College Basketball Polls Are Complete Garbage

The West Virginia Mountaineers are not currently ranked and that doesn’t matter.  In the grand scheme of things, a team’s ranking at the beginning of December is meaningless.  With that said, West Virginia deserves to be not only ranked but ranked highly.  

Proponents of the current system point at the use of the KenPom metric ratings.  The KenPom metrics is purely predictive and has almost nothing to do with how a team has performed this season.  According to their own website, “if you’re looking for a system that rates teams on how “good” their season has been, you’ve come to the wrong place.”

In other words, it’s a watered-down version of reality so that voters who don’t really know anything about most teams can predict how well a team might play if they were to play tonight.  It’s a snapshot, a small glimpse of a much bigger picture.  The KenPom metrics is ideal in the gambling world only because it predicts how teams will perform on a given night against a given team, and that’s all that it does.
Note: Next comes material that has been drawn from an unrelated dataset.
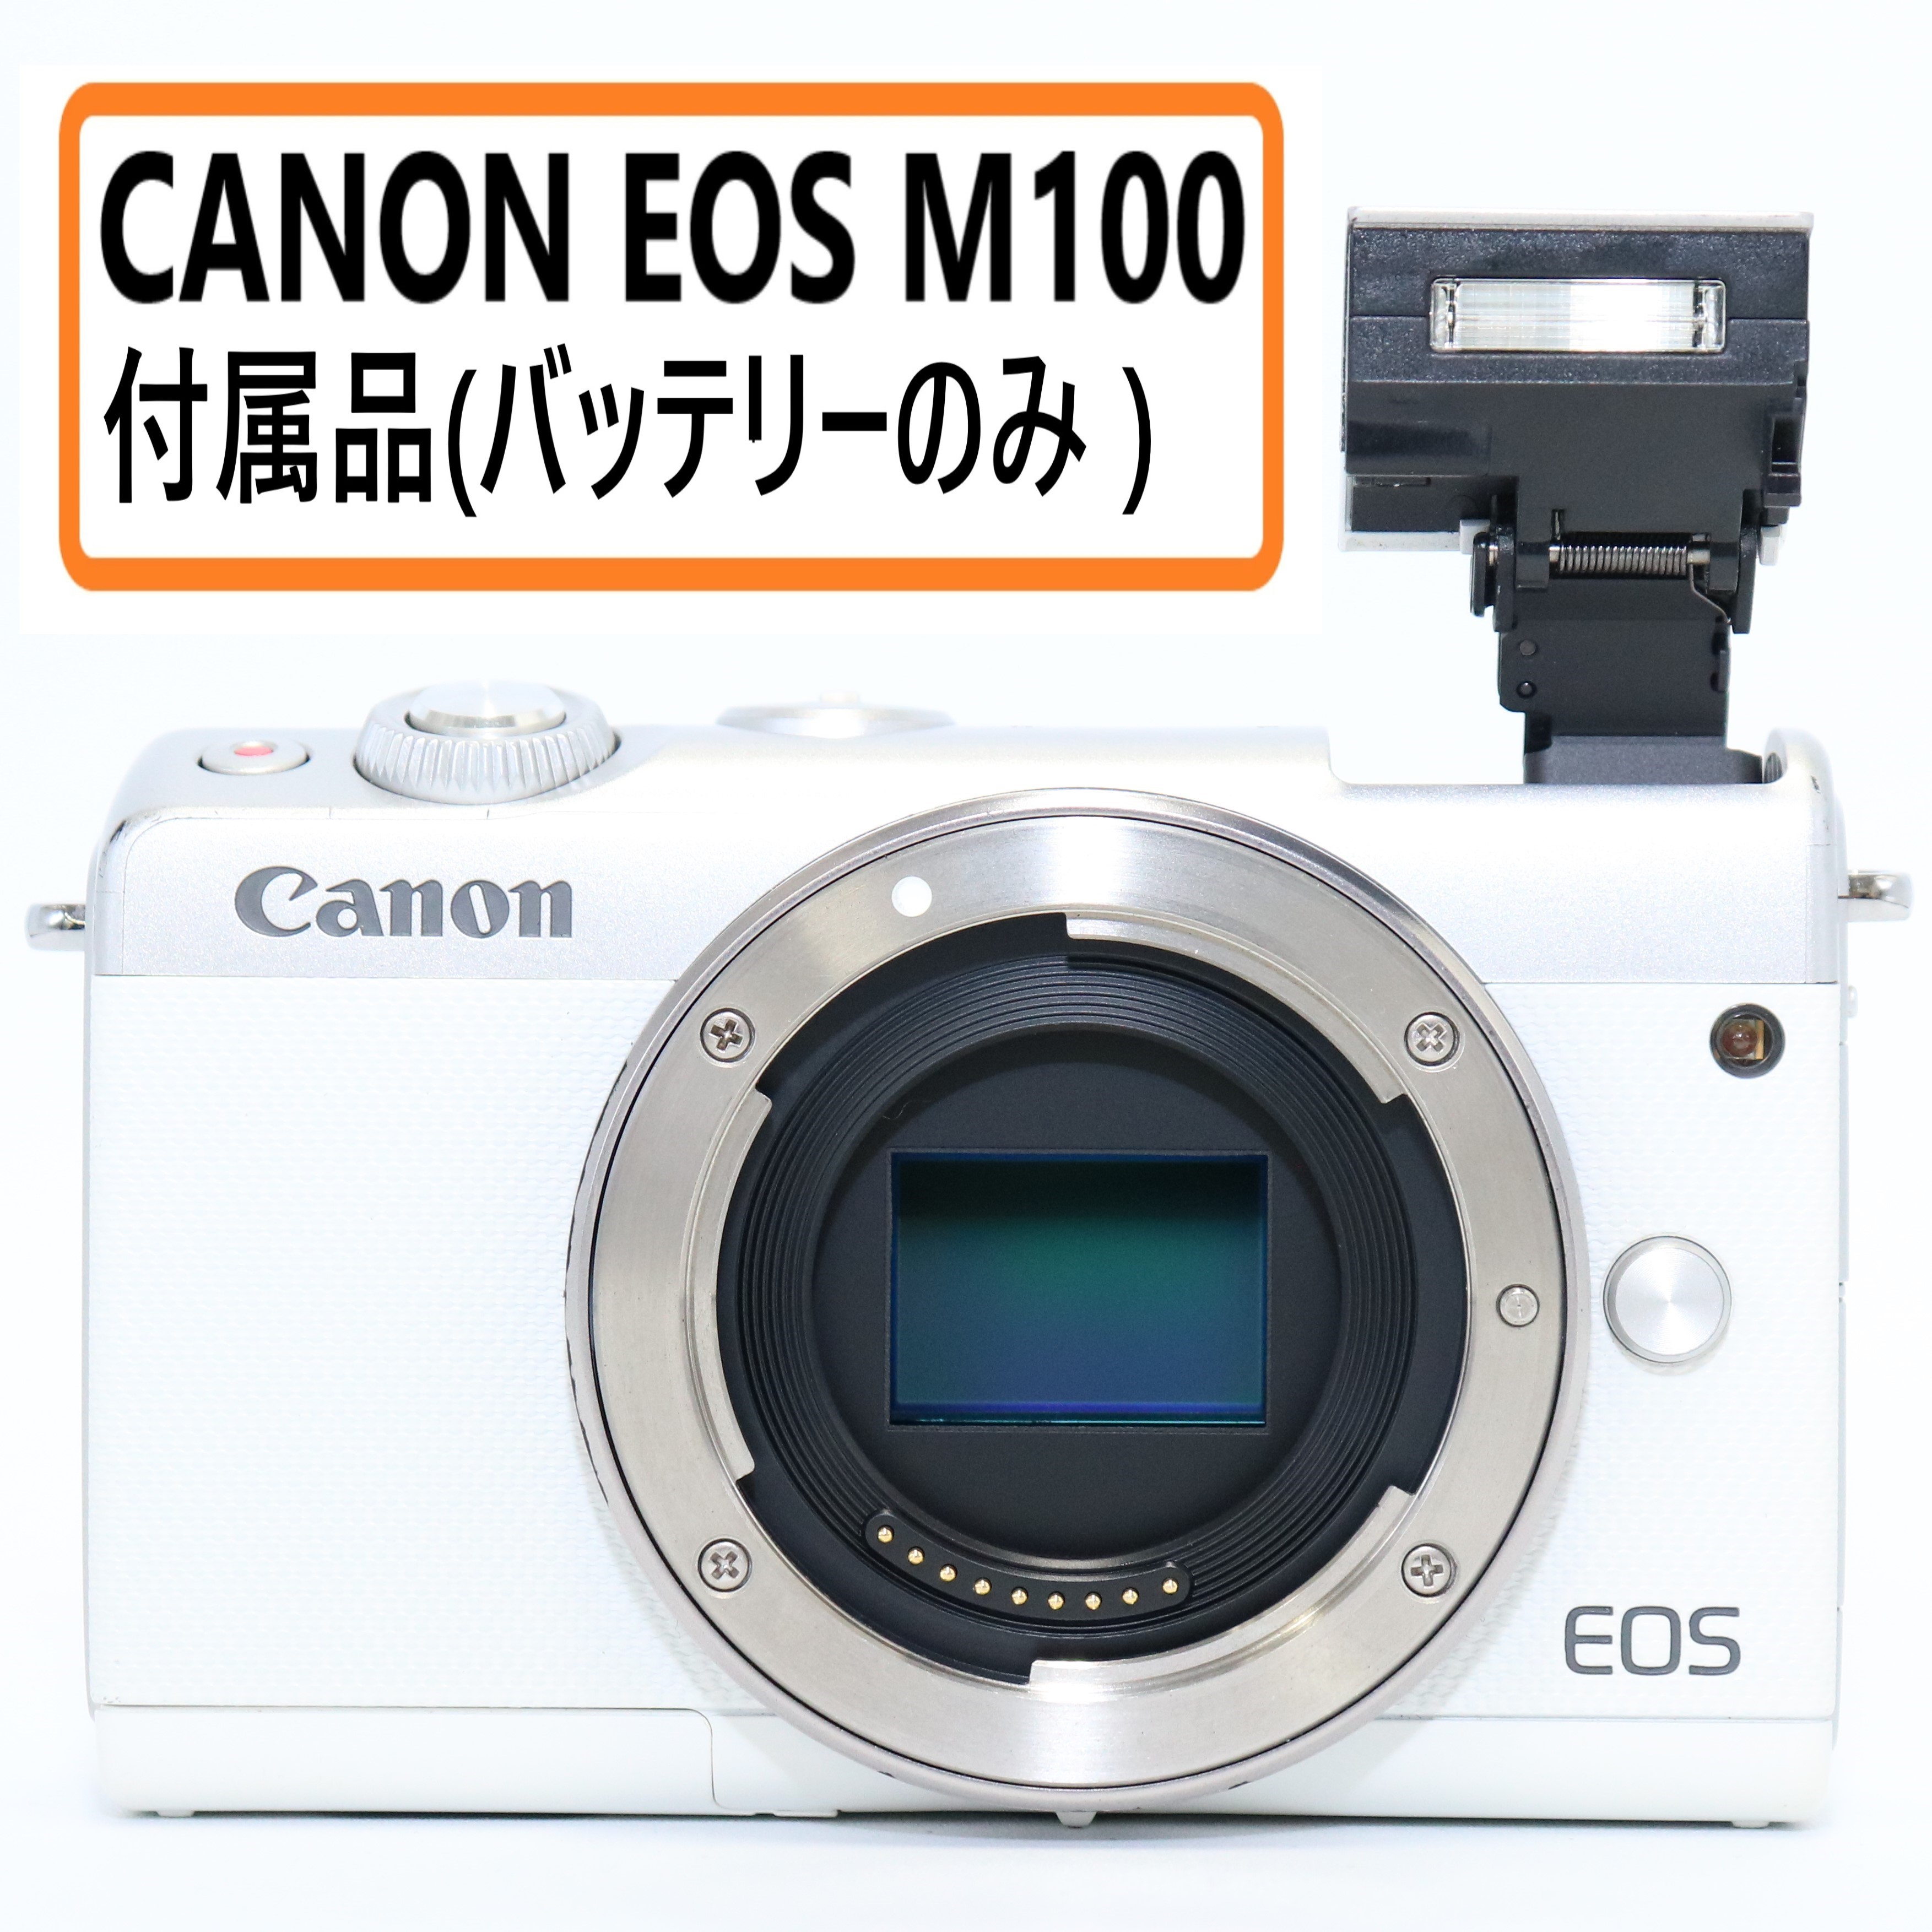 クーポン利用&送料無料 Canon ミラーレス一眼カメラ EOS M100 ボディー

Imagine being given a raise at work based not on your performance but rather on how you might do.  It’s an absolutely ridiculous, asinine way to reward employees…or teams.  While the RPI is now considered “outdated” by college basketball experts, it’s absolutely the most fair, reasonable way to acknowledge a team for its actual performance on the court.  RPI takes wins, losses and strength of schedule into account, and it is based solely on how a team has performed this season.

West Virginia is the most impressive team in the country to start the season.  At 7-0 and with the #4 ranked strength of schedule, there is no question that the Mountaineers deserve to be ranked based on performance.  What reasonable, rational person would base a team’s ranking on a predictive combination of adjusted offensive and defensive efficiency instead of merit and quality of performance?  Apparently NCAA college basketball voters.

While the Mountaineers not being ranked is momentarily frustrating, it is likely a blessing in disguise.  Flying under the radar as an unranked team is far better at this time of the year and the Mountaineers will certainly use this disrespect as motivation going forward.